Эти слова были сигналом, жидов расхватали по рукам и начали швырять в волны. Жалкий крик раздался со всех сторон; но суровые запорожцы только смеялись, видя, как жидовские ноги в башмаках и чулках болтались на воздухе. Бедный высокий оратор, накликавший сам на свою шею беду, схватил за ноги Бульбу и жалким голосом молил: «Великий господин, ясневельможный пан! Я знал и брата вашего покойного Дороша. Какой был славный воин! Я ему восемьсот цехинов дал, когда нужно было выкупиться из плена у турков».

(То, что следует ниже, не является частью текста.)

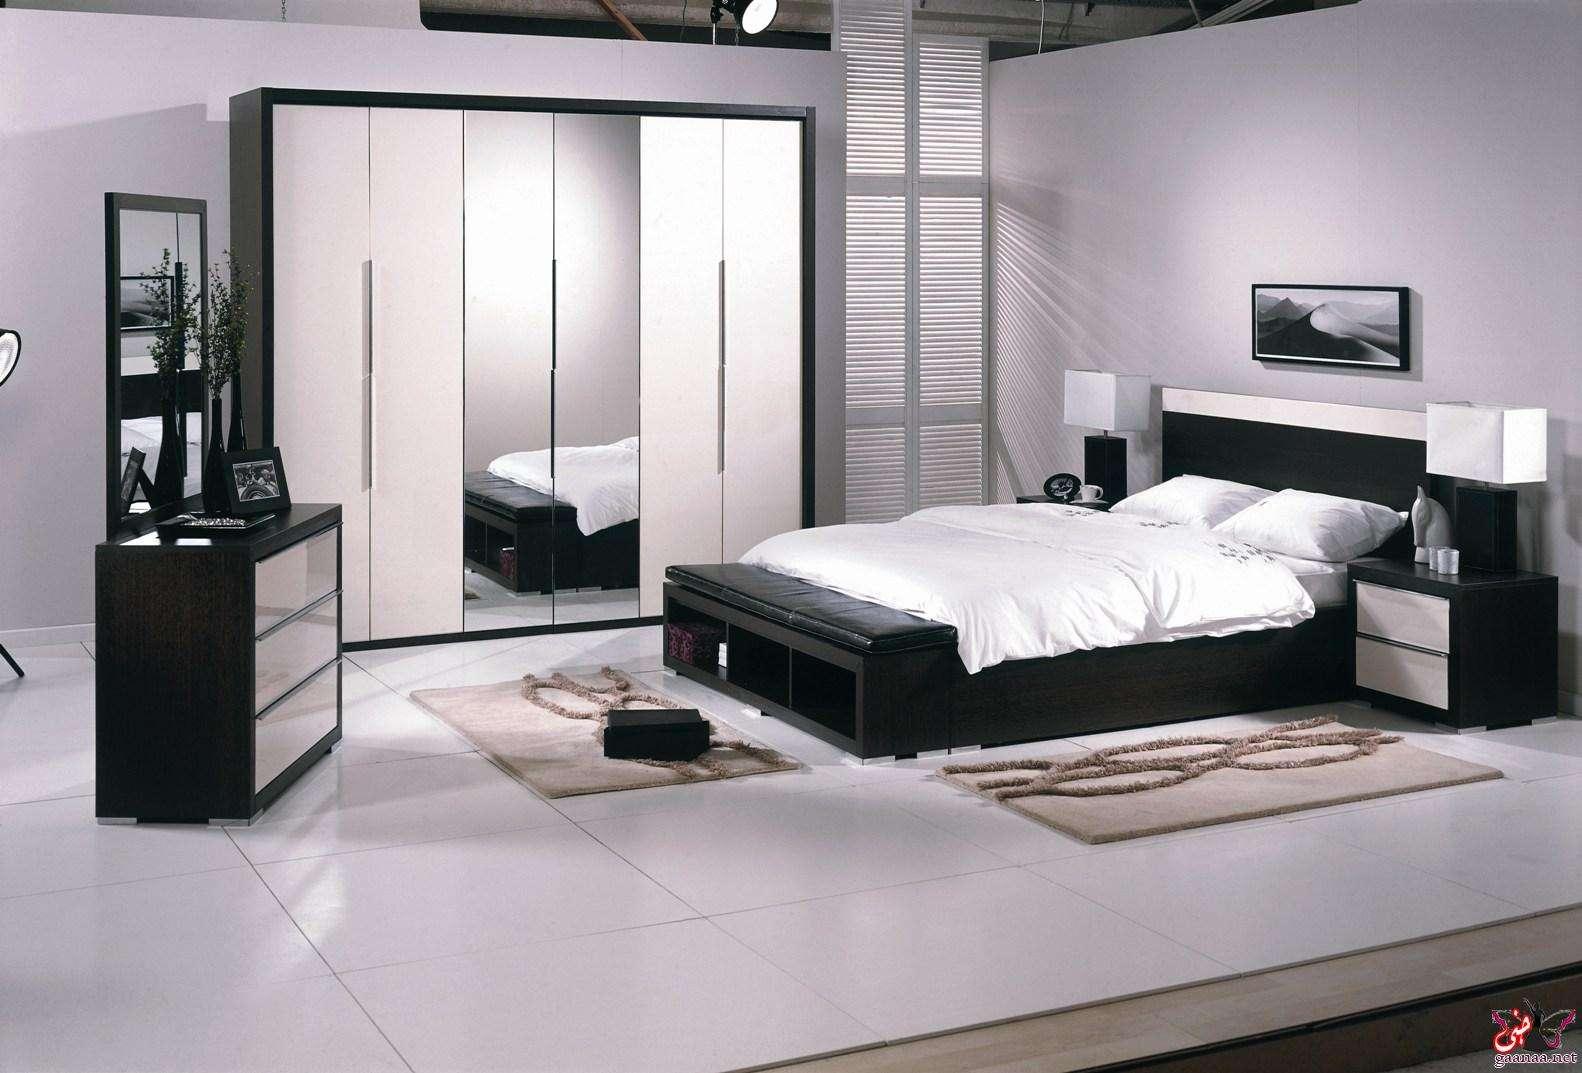 اجمل صور ديكورات غرف نوم مناسبة للجميع – موقع حصري

«Ты знал брата?» спросил Тарас.
«Ей богу, знал: великодушный был пан.»
«А как тебя зовут?»
«Янкель.»
«Хорошо, я тебя проведу.» Сказавши это, Тарас повел его к своему обозу, возле которого стояли козаки его. «Ну, полезай под телегу, лежи там и не пошевелись, а вы, братцы, не выпускайте жида.»
Сказавши это, он отправился на площадь, потому что раздавшийся бой литавров возвестил собрание рады. Несмотря на свою печаль и сокрушение о случившихся на Украине несчастиях, он был несколько доволен представлявшимся широким раздольем для подвигов, и притом для подвигов таких, которые представляли ему мученический венец по смерти.
Вся Сеча, всё, что было на Запорожьи, собралось на площадь. Старшины, куренные атаманы, по коротком совещании, решили на том, чтобы итти с войсками прямо на Польшу, так как оттуда произошло всё зло, желая внести опустошение в землю неприятельскую и предвидя себе при этом добычу.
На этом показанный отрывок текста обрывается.